Python joblib - Running parallel code within parallel code

Question

I am working on a project that I intend to make more efficient by using a parallel function with joblib with shared memory.

However, I also intend to conduct a parametric study on the program by running the process a large number of times with different parameters (i.e. without shared memory).
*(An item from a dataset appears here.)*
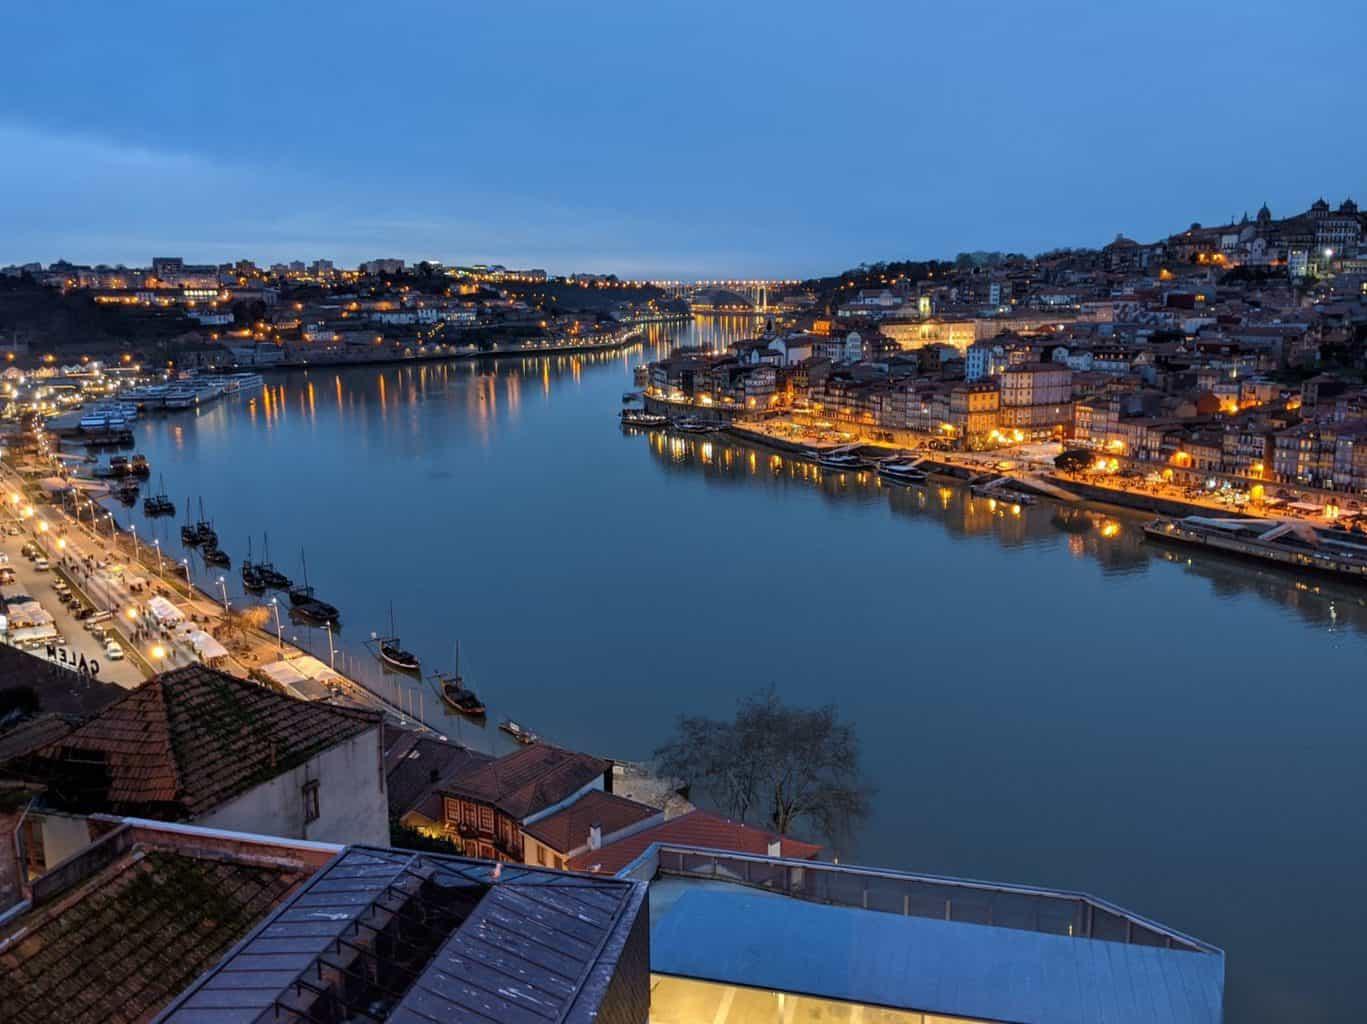 Dar un paseo de noche por Oporto es una delicia

I was wondering if this was doable in Python/joblib.

Edit : _2020-06-19

As another user mentioned, I should, I will clarify what in my code I wanted to parallelized. Essentially I have a 3D numpy array representing some physical space, which I populate with a large number of truncated Gaussians (only affecting a finite number of elements). Full vectorization was not found to particularly speed up the code due to the bottleneck being memory access, and I wanted to try parallelization, since I iterate over all ith-Gaussian centers and add its contributions to the overall field. (These loops will share variables to an extent)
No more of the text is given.